About this task →
Your answer should be the exact lines of the data below from the one containing "服ぬるいあなたのものハロウィ" through the one containing "Candygirl 10 pezzi"; please include nothing else.

Exercise material →
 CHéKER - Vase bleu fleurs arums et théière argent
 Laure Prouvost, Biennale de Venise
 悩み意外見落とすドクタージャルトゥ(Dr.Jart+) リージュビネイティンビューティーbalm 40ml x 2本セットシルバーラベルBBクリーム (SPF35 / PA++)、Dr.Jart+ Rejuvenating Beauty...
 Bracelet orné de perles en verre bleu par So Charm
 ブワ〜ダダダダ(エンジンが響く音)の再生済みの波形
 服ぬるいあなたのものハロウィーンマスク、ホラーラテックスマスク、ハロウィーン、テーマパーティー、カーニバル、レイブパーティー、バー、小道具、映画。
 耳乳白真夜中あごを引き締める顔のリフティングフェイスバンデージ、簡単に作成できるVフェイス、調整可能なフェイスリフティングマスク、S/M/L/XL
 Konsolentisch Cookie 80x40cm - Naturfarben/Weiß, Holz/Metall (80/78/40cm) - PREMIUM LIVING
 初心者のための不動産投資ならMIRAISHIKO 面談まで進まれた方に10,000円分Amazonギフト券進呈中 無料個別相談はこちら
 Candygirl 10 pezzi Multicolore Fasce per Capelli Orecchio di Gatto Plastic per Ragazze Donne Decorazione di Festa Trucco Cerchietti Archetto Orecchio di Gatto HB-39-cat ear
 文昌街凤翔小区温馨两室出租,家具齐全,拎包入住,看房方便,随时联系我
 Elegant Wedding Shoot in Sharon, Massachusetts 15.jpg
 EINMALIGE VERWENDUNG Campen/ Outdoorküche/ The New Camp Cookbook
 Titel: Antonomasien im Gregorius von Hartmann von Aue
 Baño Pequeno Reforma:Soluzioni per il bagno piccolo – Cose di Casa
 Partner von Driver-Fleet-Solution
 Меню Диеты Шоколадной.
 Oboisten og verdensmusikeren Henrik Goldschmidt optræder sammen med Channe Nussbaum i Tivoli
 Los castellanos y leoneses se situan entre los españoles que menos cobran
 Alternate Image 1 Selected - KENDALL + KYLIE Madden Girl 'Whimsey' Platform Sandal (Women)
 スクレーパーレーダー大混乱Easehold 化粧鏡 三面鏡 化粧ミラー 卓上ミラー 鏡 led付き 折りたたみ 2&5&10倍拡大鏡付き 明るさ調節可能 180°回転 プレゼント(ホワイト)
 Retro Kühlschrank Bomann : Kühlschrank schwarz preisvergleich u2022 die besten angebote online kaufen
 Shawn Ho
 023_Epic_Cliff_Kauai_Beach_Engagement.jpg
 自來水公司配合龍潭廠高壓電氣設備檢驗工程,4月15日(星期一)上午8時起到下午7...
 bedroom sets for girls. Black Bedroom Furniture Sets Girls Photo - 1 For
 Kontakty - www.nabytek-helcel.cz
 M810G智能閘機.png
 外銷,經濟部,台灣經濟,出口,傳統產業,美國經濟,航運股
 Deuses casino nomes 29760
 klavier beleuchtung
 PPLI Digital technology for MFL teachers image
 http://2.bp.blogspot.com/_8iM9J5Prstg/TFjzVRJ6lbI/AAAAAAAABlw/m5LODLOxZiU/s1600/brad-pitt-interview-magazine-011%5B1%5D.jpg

Answer space →
 服ぬるいあなたのものハロウィーンマスク、ホラーラテックスマスク、ハロウィーン、テーマパーティー、カーニバル、レイブパーティー、バー、小道具、映画。
 耳乳白真夜中あごを引き締める顔のリフティングフェイスバンデージ、簡単に作成できるVフェイス、調整可能なフェイスリフティングマスク、S/M/L/XL
 Konsolentisch Cookie 80x40cm - Naturfarben/Weiß, Holz/Metall (80/78/40cm) - PREMIUM LIVING
 初心者のための不動産投資ならMIRAISHIKO 面談まで進まれた方に10,000円分Amazonギフト券進呈中 無料個別相談はこちら
 Candygirl 10 pezzi Multicolore Fasce per Capelli Orecchio di Gatto Plastic per Ragazze Donne Decorazione di Festa Trucco Cerchietti Archetto Orecchio di Gatto HB-39-cat ear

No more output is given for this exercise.